The Pool of Tears: First Experiments

My first Veo prompt was embarrassingly naive:

"Create a professional marketing video showing invoice automation saving time for finance teams. Show the software interface with clear labels."

What I got back was... surreal.

The video looked professional enough. Smooth motion. Nice lighting. But the text on screen? Gibberish. Pure, beautiful, utterly nonsensical gibberish.

Where I'd asked for "Marketing_Budget.xlsx," I got "Markefing_Bujet.xlsz." Where I wanted "Invoice Processing," I received "Invoise Prosseccing." The AI had created a parallel universe where everything looked right but nothing was spelled correctly.

The Harsh Reality of AI Text Rendering

• File names: "Marketing_Buget.xlsx" instead of "Marketing_Budget.xlsx"
• Email subjects: "Expensestes" instead of "Expenses"
• UI labels: Pure gibberish characters
• Currency symbols: € appearing where $ should be

Success rate with on-screen text: ~40%

I had fallen into Wonderland's Pool of Tears. The AI could generate visuals that looked professional, but it fundamentally didn't understand spelling. It worked with patterns and pixels, not grammar and orthography.

Alice cried so much she nearly drowned. I spent three weeks trying to make text render correctly before accepting reality.

The Caterpillar's Question: "Who Are You?"

After the text disasters, I had an identity crisis. Was I trying to be a video producer? A prompt engineer? A software developer building video tools?

The Caterpillar in Alice asks the most profound question: "Who are you?" And Alice can't answer because she's changed so many times since falling down the rabbit hole.

I felt the same way. Each experiment transformed my understanding.

Week 1: "I'm a prompt engineer!"

Surely the right words would unlock perfect videos.
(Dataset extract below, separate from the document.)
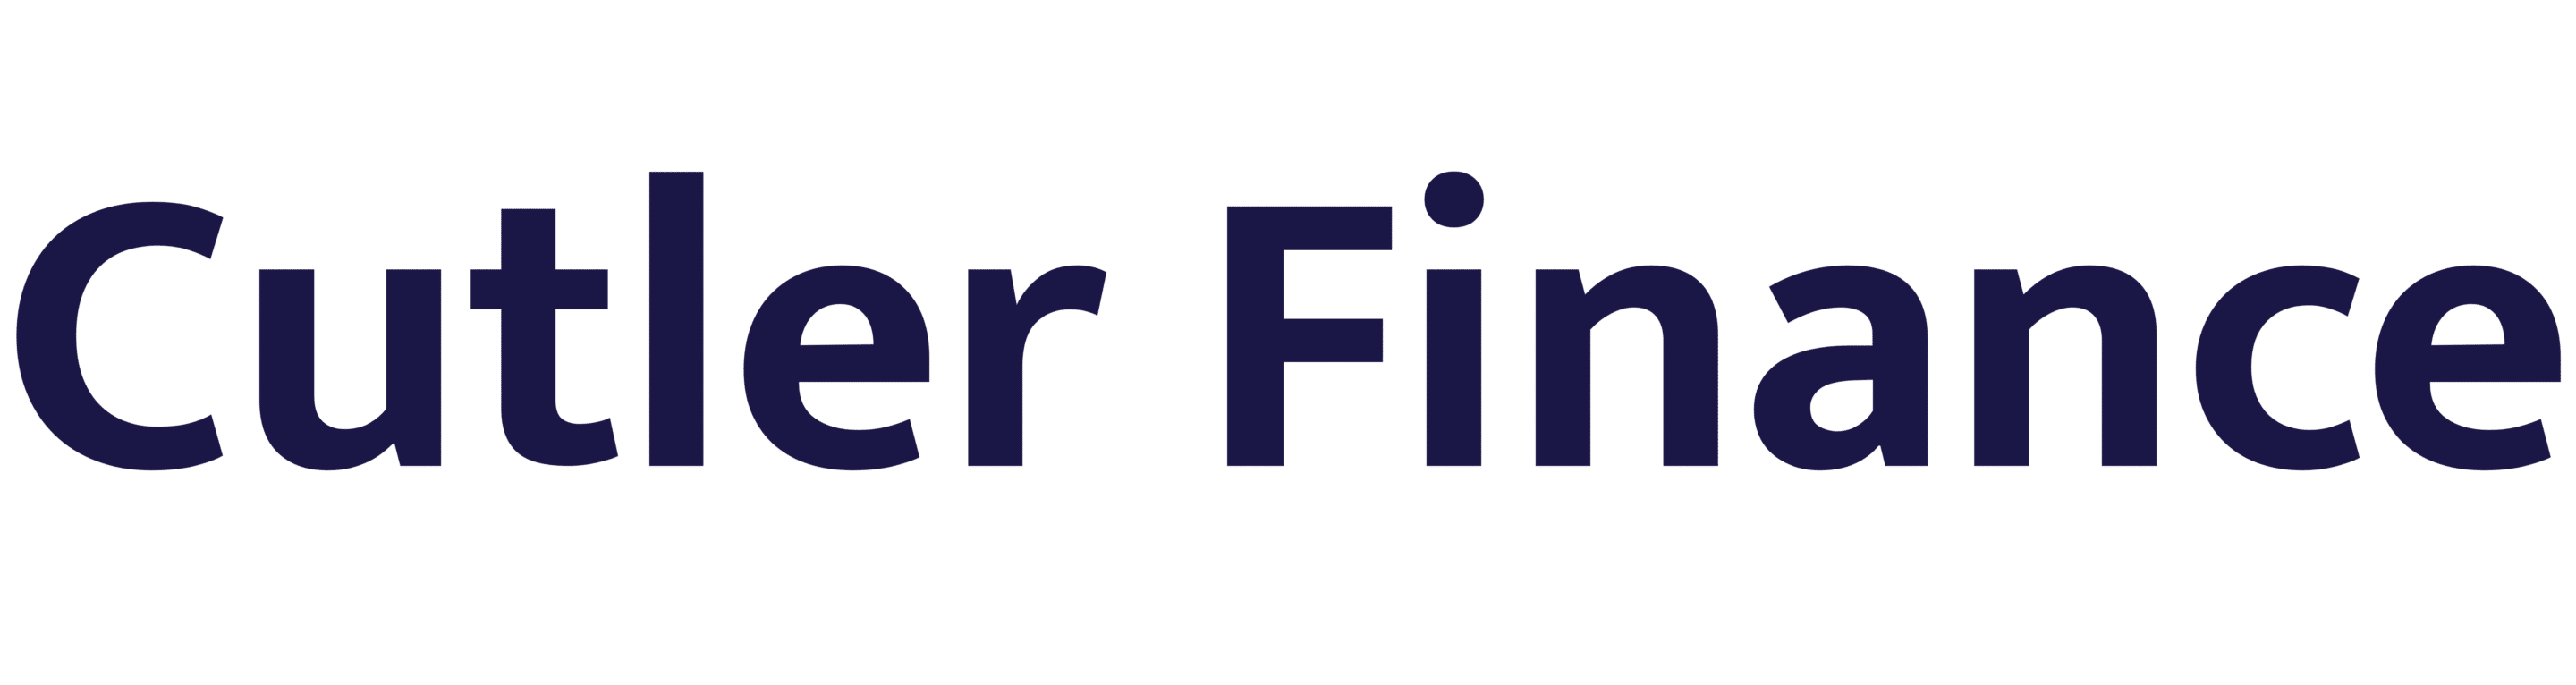 Cutler Finance logo

I wrote prompts like poetry. They produced beautiful gibberish.

Week 3: "I'm a video producer!"

Maybe I needed to think in storyboards, shot sequences, narrative arcs. The videos got better, but text remained a nightmare.

Week 6: "I'm a systems architect!"

The realization hit: this wasn't about single videos. It was about building systems that could reliably produce videos at scale.
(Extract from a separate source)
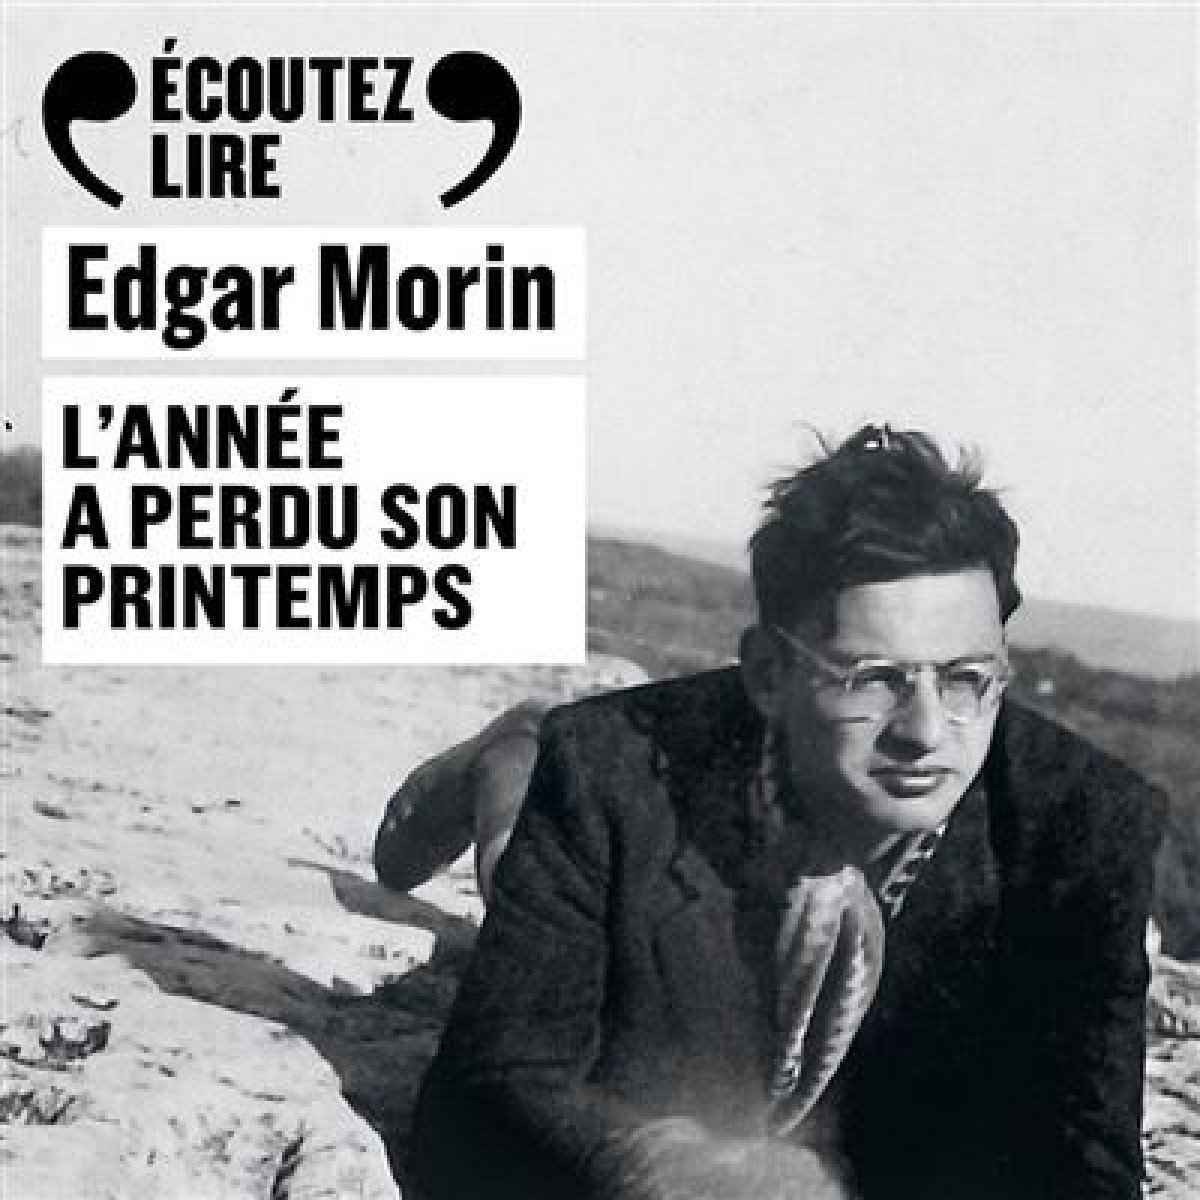 Filósofo francês Edgar Morin publica romance sobre a juventude aos 102 anos

Week 12: "I'm an orchestrator."

Multiple AI models, multiple techniques, multiple stitching strategies—all coordinated into a unified workflow.
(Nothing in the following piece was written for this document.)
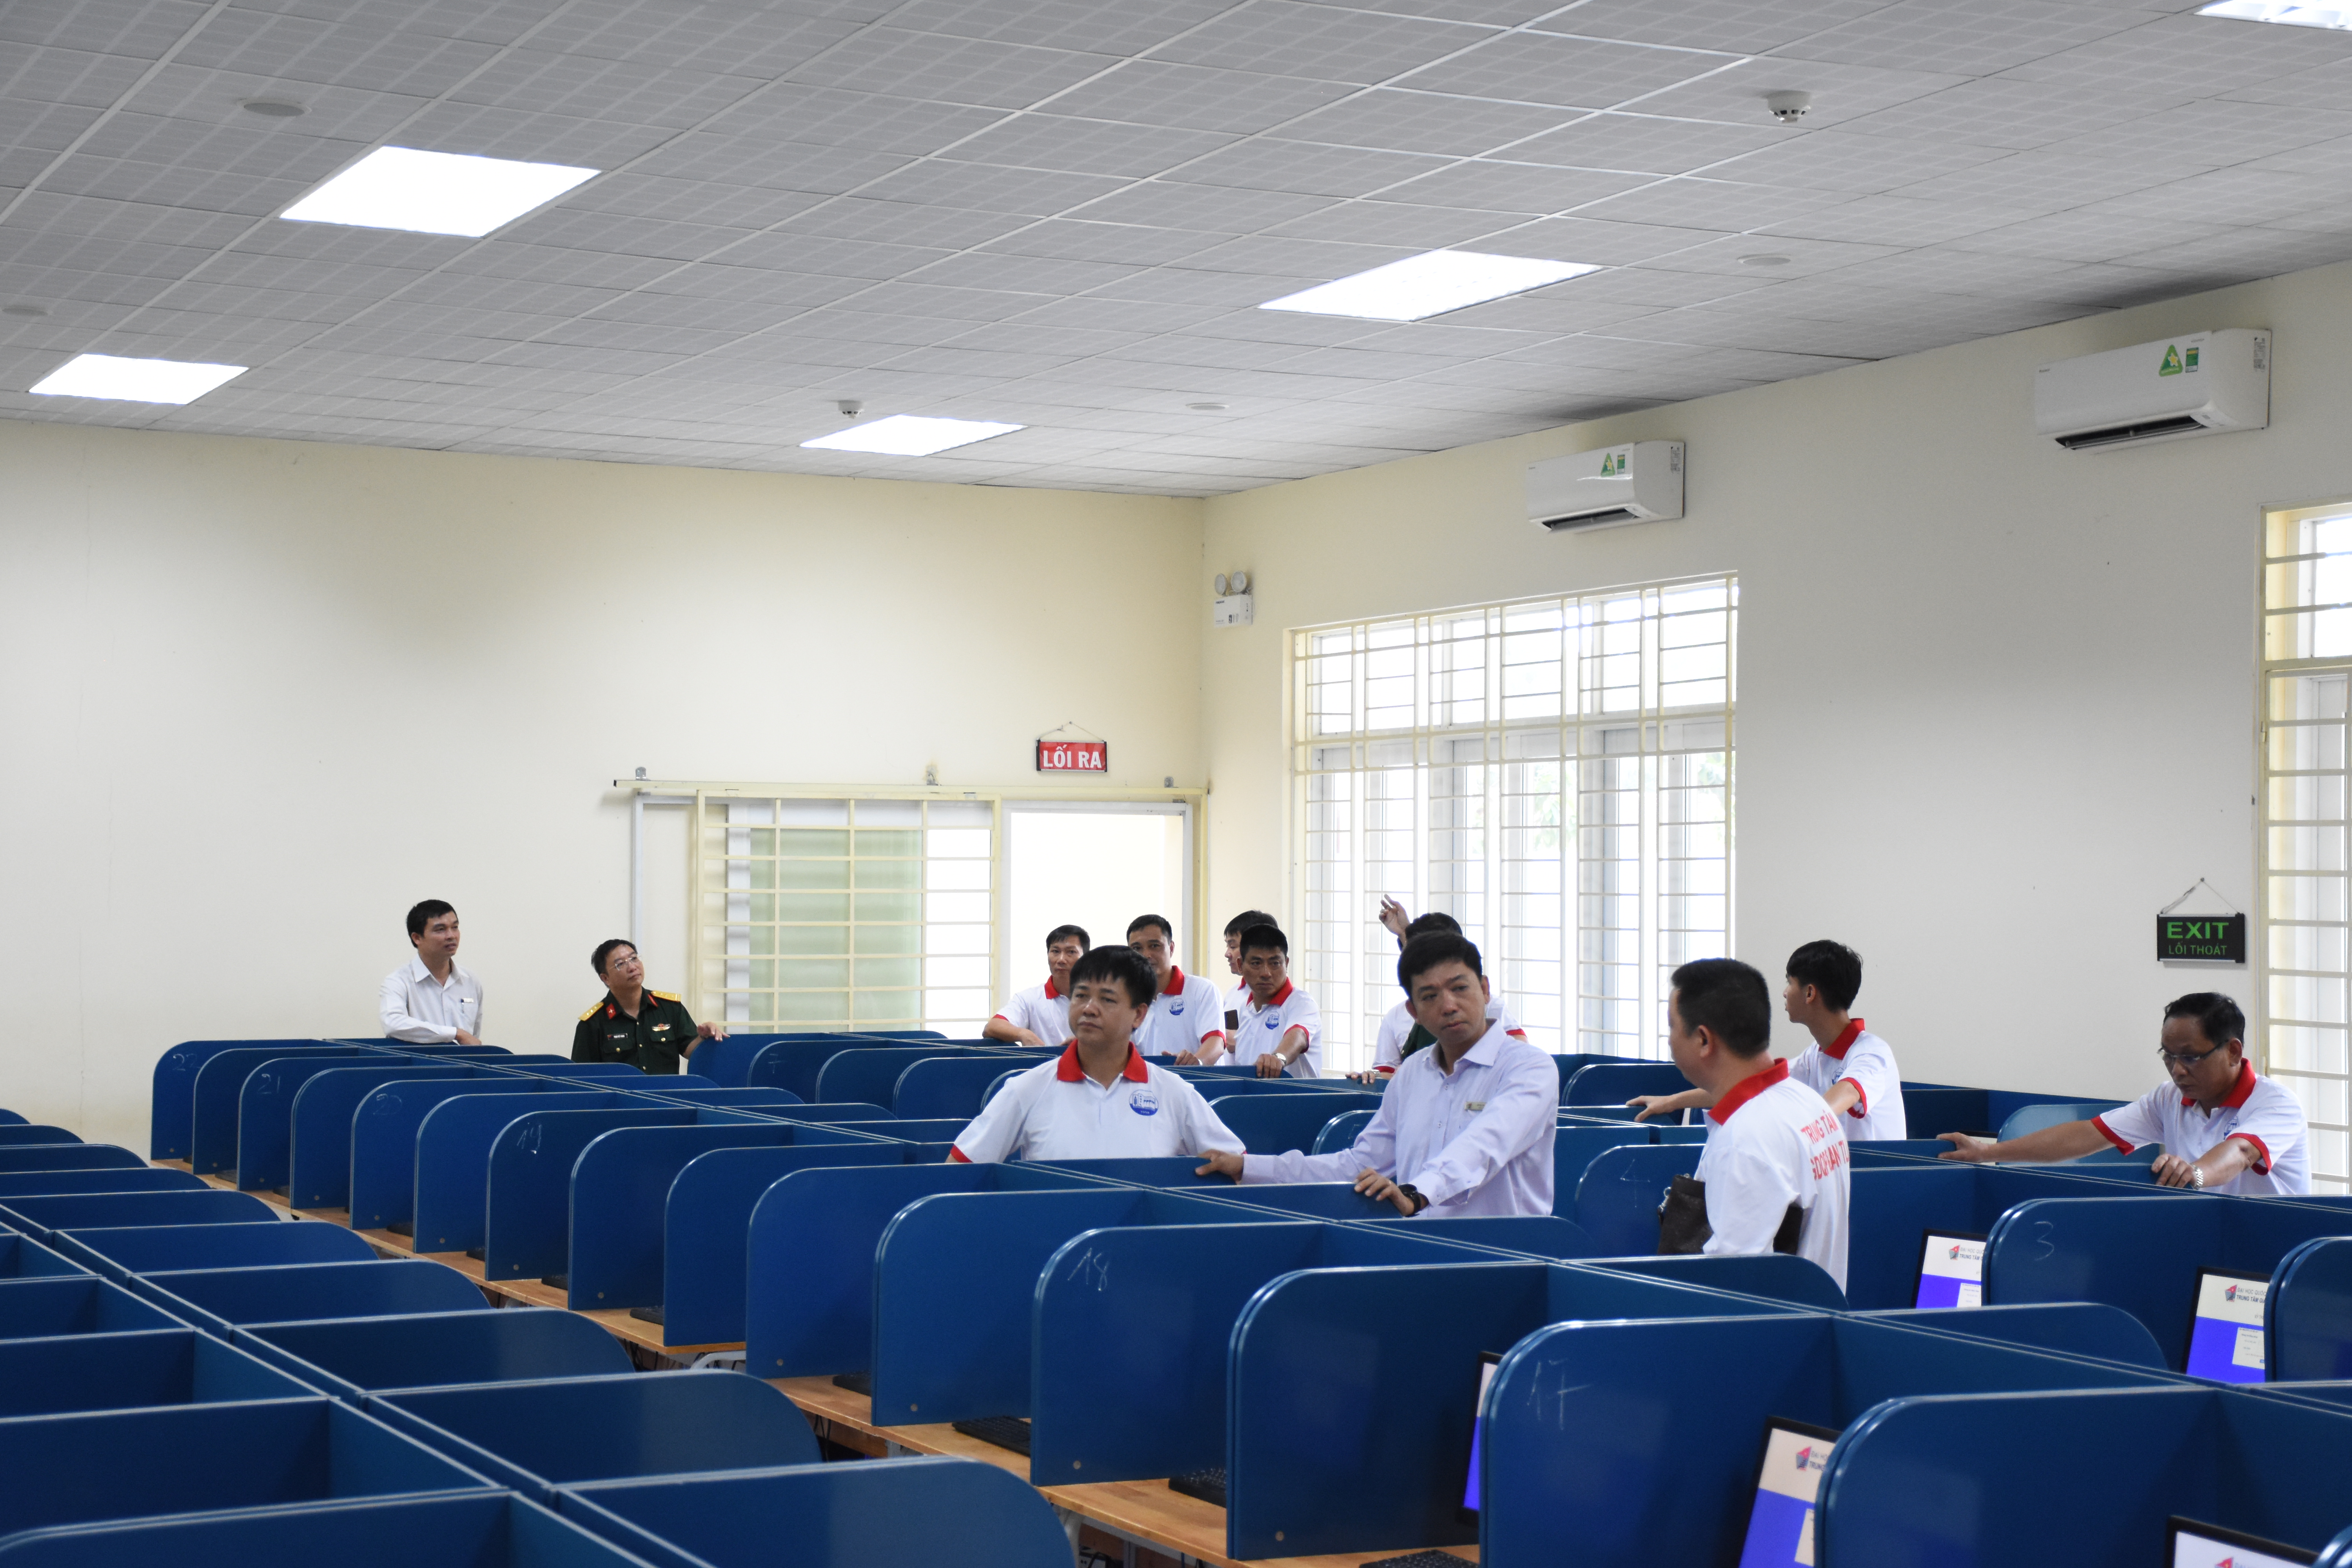 Đoàn công tác Trung tâm Giáo dục Quốc phòng và An ninh Trường Đại học Thuỷ Lợi đến tham quan, học tập thực tế tại Trung tâm Giáo dục Quốc phòng và An ninh Đại học Quốc gia Thành phố Hồ Chí Minh

The Mad Tea Party: Discovering Extension Chaining

The Mad Hatter's tea party is famous for its absurdity. Time doesn't work right. Everyone moves around the table endlessly. Nothing makes sense until you accept the rules are different here.

That's exactly what happened when I discovered Veo's extension chaining.

See, Veo generates 8-second clips. That's the limit. Eight seconds. But—and here's where it gets mad—you can extend a video by passing back a special token called veoVideoToken.

The Extension Chain Discovery

Initial clip: 8 seconds
Each extension: 7 seconds
Maximum extensions: 8
Total possible length: 64 seconds of continuous video

But here's the mad part: each extension continues seamlessly from the previous clip's last frame. No cuts. No transitions. One continuous shot.

This changed everything. Instead of stitching together six separate 5-second clips with jarring cuts, I could generate a flowing 30-second video that felt like a single continuous take.

The Mad Hatter would have loved it. "It's always six o'clock now," he says in the book, stuck in permanent tea-time. With extension chaining, I could stretch time itself—eight seconds becoming sixty-four through a chain of temporal extensions.

But like the tea party, there were hidden rules:

• Tokens expire—take too long between extensions and the chain breaks
• Regeneration cascades—change clip 3 and clips 4-8 all need regeneration
• Style drift—too many extensions and the visual coherence wanders

Welcome to the tea party. Move down, move down.

The Queen's Croquet: The Spelling Prevention Techniques

In Wonderland, the Queen plays croquet with flamingos as mallets and hedgehogs as balls. The game is impossible because the equipment won't cooperate. The flamingo twists its neck. The hedgehog uncurls and walks away.

That's what trying to render text felt like.

No matter how precisely I specified the words, the AI would introduce errors. It wasn't malicious—the hedgehog isn't trying to ruin your game—it just doesn't understand what you want.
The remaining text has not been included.